D. Permutation Game
time limit per test
2 seconds
memory limit per test
256 megabytes
input
standard input
output
standard output

Bodya and Sasha found a permutation $$$p_1,\dots,p_n$$$ and an array $$$a_1,\dots,a_n$$$. They decided to play a well-known "Permutation game".

A permutation of length $$$n$$$ is an array consisting of $$$n$$$ distinct integers from $$$1$$$ to $$$n$$$ in arbitrary order. For example, $$$[2,3,1,5,4]$$$ is a permutation, but $$$[1,2,2]$$$ is not a permutation ($$$2$$$ appears twice in the array), and $$$[1,3,4]$$$ is also not a permutation ($$$n=3$$$ but there is $$$4$$$ in the array).

Both of them chose a starting position in the permutation.

The game lasts $$$k$$$ turns. The players make moves simultaneously. On each turn, two things happen to each player:

  • If the current position of the player is $$$x$$$, his score increases by $$$a_x$$$.
  • Then the player either stays at his current position $$$x$$$ or moves from $$$x$$$ to $$$p_x$$$.
The winner of the game is the player with the higher score after exactly $$$k$$$ turns.

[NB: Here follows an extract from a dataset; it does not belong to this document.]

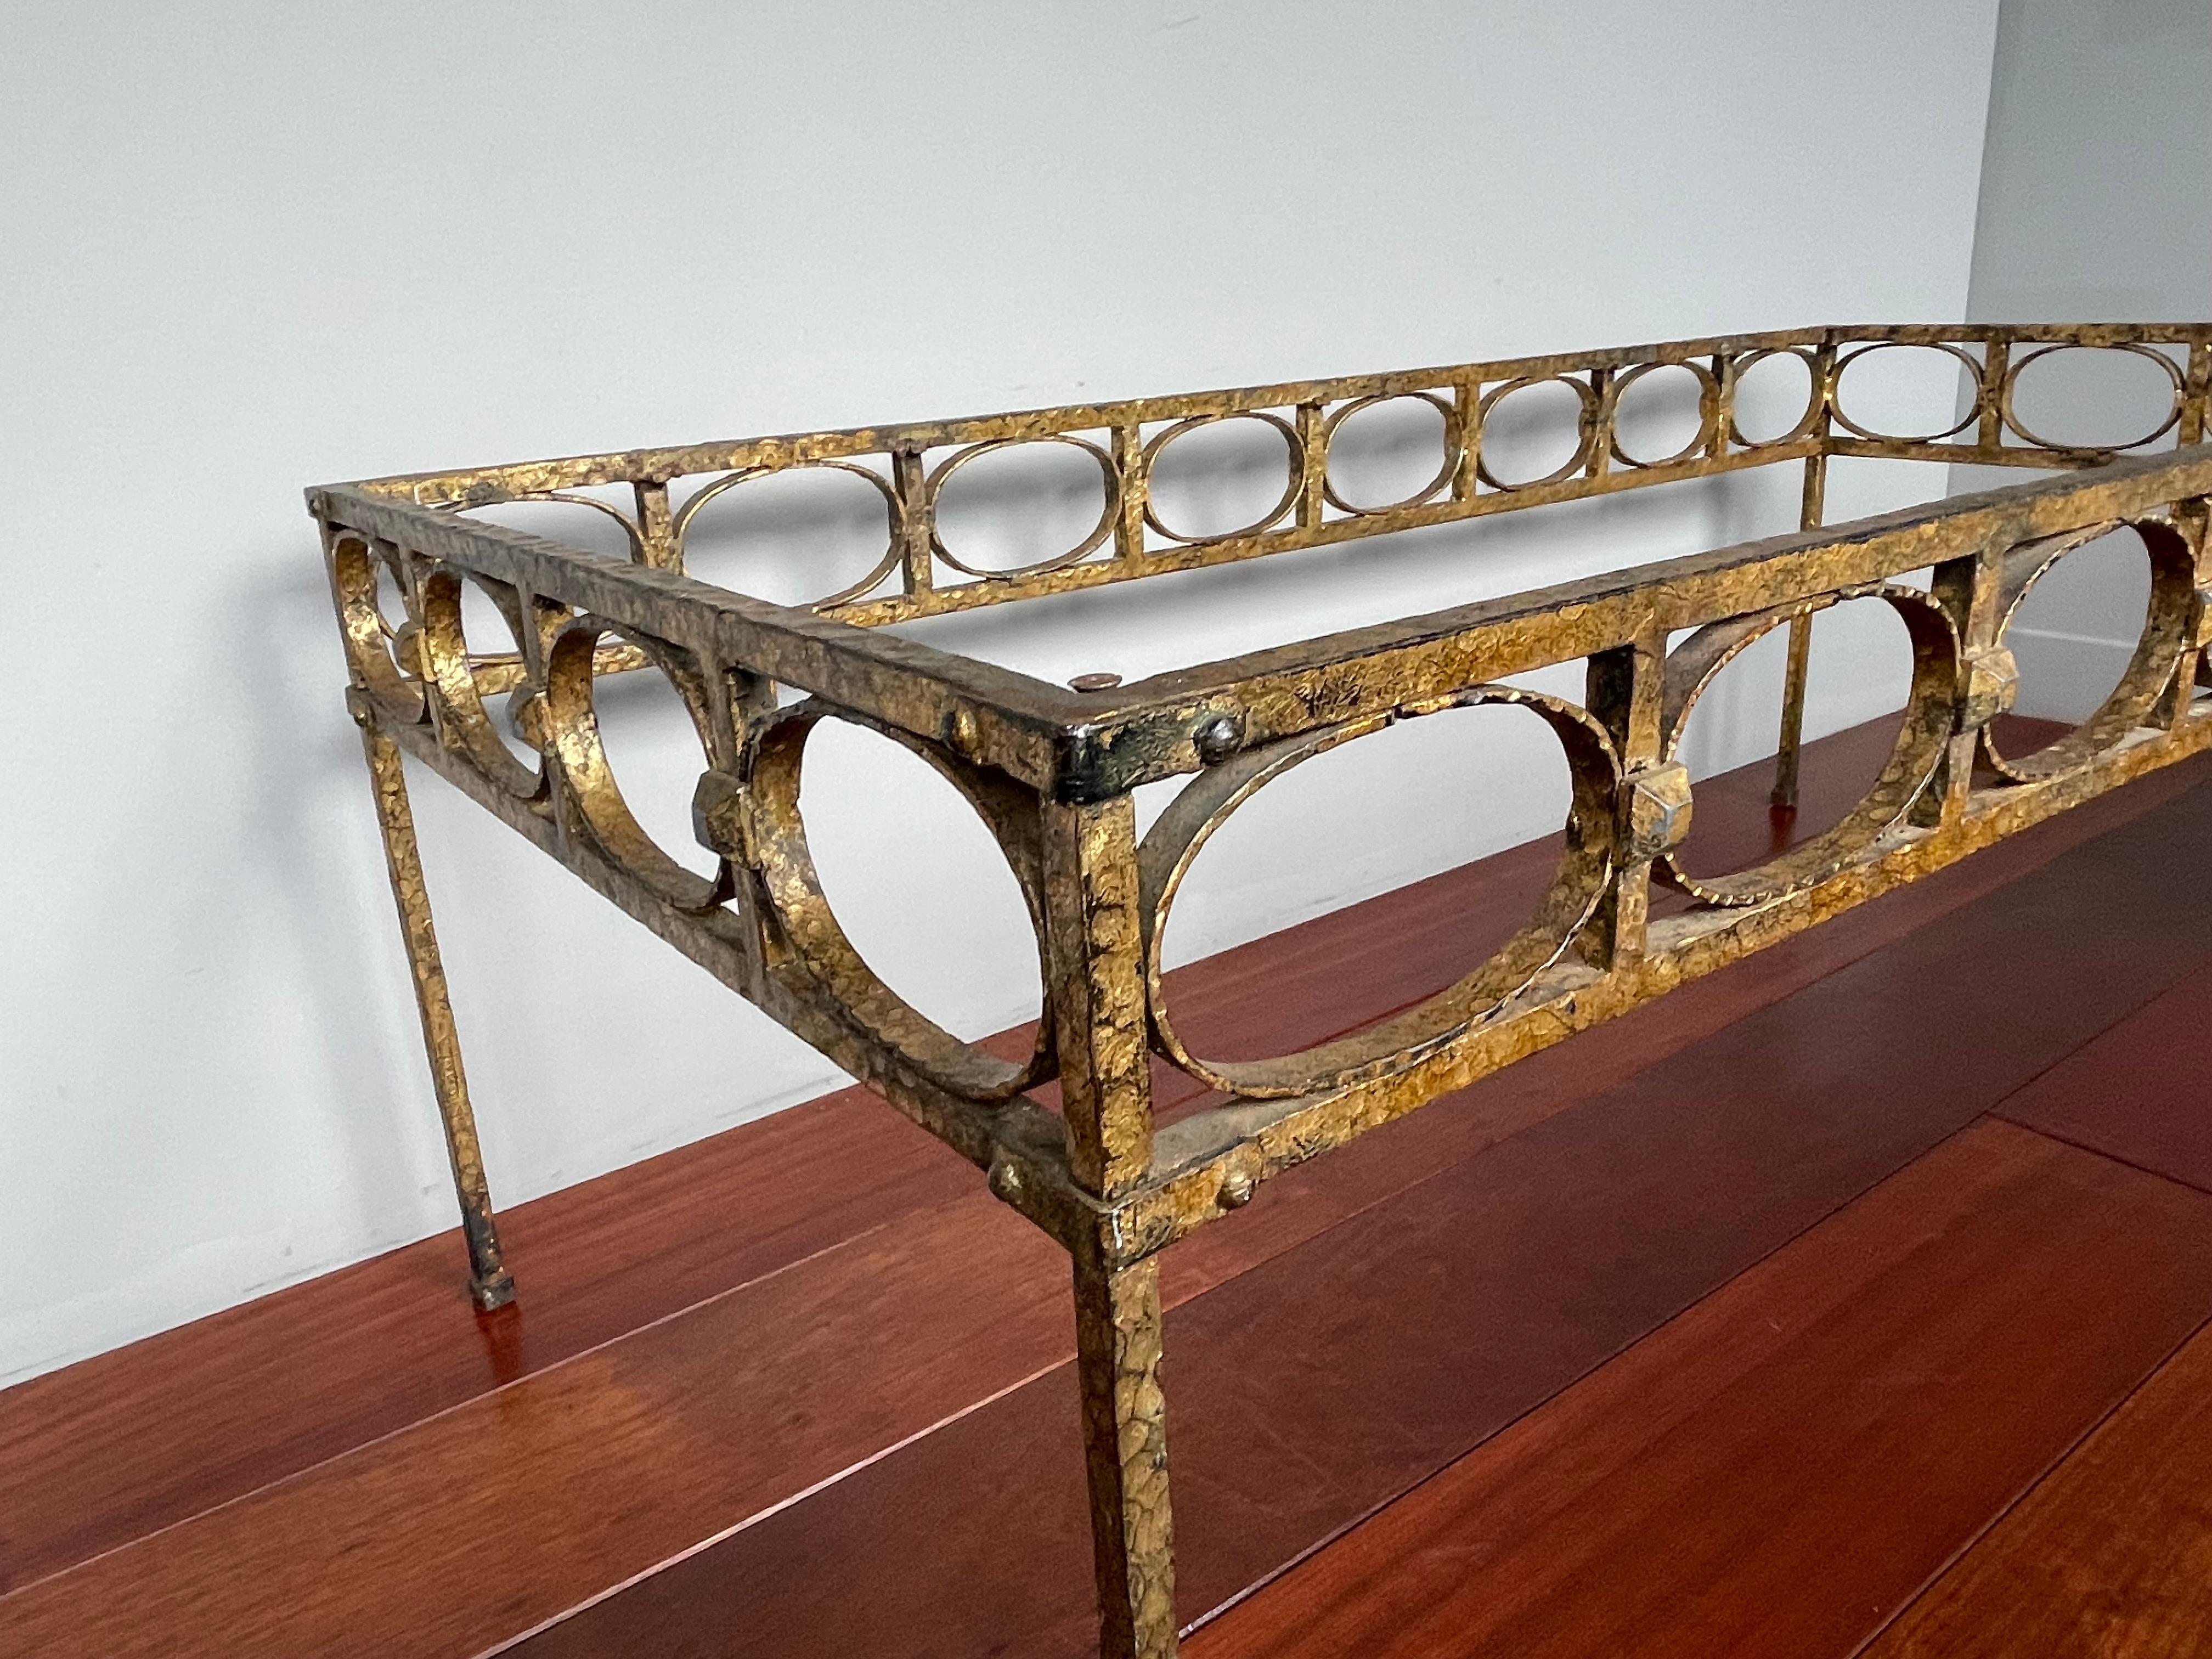 20th Century Stunning Midcentury Modern Gilt Wrought Iron Coffee Table Base by Ferro Art 1950 For Sale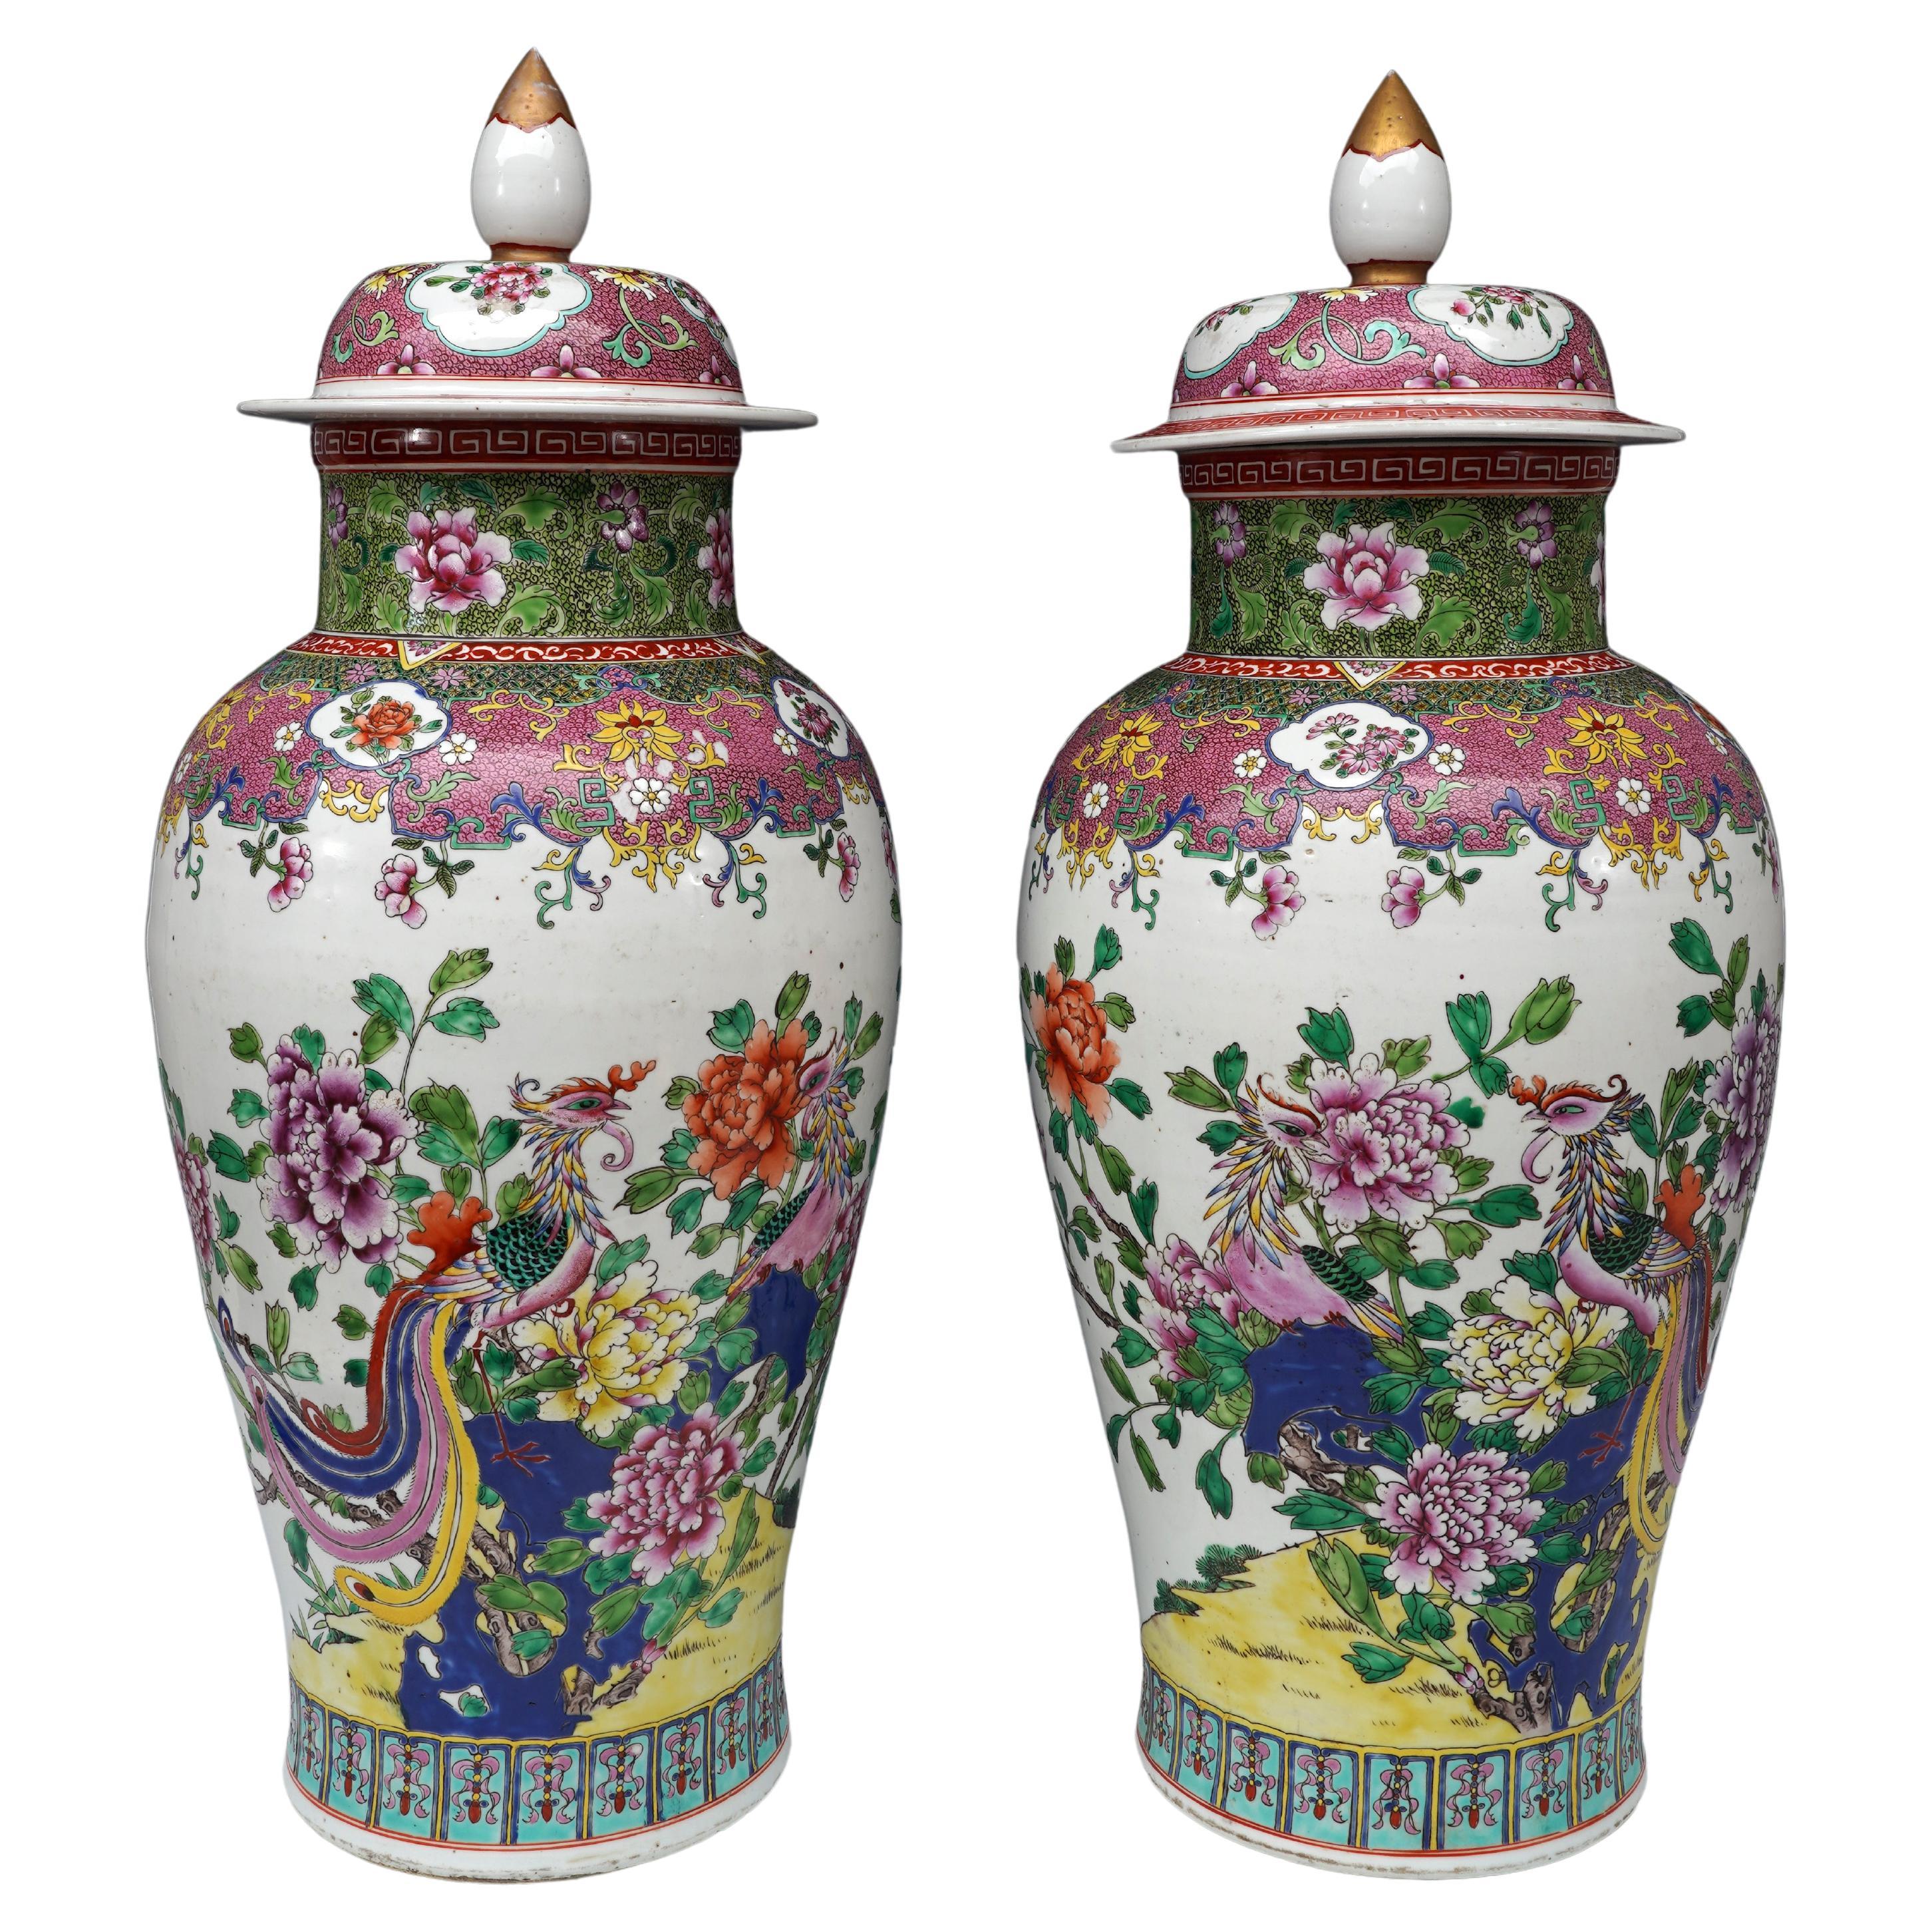 Pair of Ginger Jars with Phoenixes, China, 19th Century

Knowing Bodya's starting position $$$P_B$$$ and Sasha's starting position $$$P_S$$$, determine who wins the game if both players are trying to win.

Input

The first line contains a single integer $$$t$$$ ($$$1\le t\le 10^4$$$) — the number of testcases.

The first line of each testcase contains integers $$$n$$$, $$$k$$$, $$$P_B$$$, $$$P_S$$$ ($$$1\le P_B,P_S\le n\le 2\cdot 10^5$$$, $$$1\le k\le 10^9$$$) — length of the permutation, duration of the game, starting positions respectively.

The next line contains $$$n$$$ integers $$$p_1,\dots,p_n$$$ ($$$1 \le p_i \le n$$$) — elements of the permutation $$$p$$$.

The next line contains $$$n$$$ integers $$$a_1,\dots,a_n$$$ ($$$1\le a_i\le 10^9$$$) — elements of array $$$a$$$.

It is guaranteed that the sum of values of $$$n$$$ over all test cases does not exceed $$$2 \cdot 10^5$$$.

Output

For each testcase output:

  • "Bodya" if Bodya wins the game.
  • "Sasha" if Sasha wins the game.
  • "Draw" if the players have the same score.
Example
Input
10
4 2 3 2
4 1 2 3
7 2 5 6
10 8 2 10
3 1 4 5 2 7 8 10 6 9
5 10 5 1 3 7 10 15 4 3
2 1000000000 1 2
1 2
4 4
8 10 4 1
5 1 4 3 2 8 6 7
1 1 2 1 2 100 101 102
5 1 2 5
1 2 4 5 3
4 6 9 4 2
4 2 3 1
4 1 3 2
6 8 5 3
6 9 5 4
6 1 3 5 2 4
6 9 8 9 5 10
4 8 4 2
2 3 4 1
5 2 8 7
4 2 3 1
4 1 3 2
6 8 5 3
2 1000000000 1 2
1 2
1000000000 2
Output
Bodya
Sasha
Draw
Draw
Bodya
Sasha
Sasha
Sasha
Sasha
Bodya
Note

Below you can find the explanation for the first testcase, where the game consists of $$$k=2$$$ turns.

TurnBodya's positionBodya's scoreBodya's moveSasha's positionSasha's scoreSasha's move
first$$$3$$$$$$0 + a_3 = 0 + 5 = 5$$$stays on the same position$$$2$$$$$$0 + a_2 = 0 + 2 = 2$$$moves to $$$p_2=1$$$
second$$$3$$$$$$5 + a_3 = 5 + 5 = 10$$$stays on the same position$$$1$$$$$$2 + a_1 = 2 + 7 = 9$$$stays on the same position
final results$$$3$$$$$$10$$$$$$1$$$$$$9$$$

As we may see, Bodya's score is greater, so he wins the game. It can be shown that Bodya always can win this game.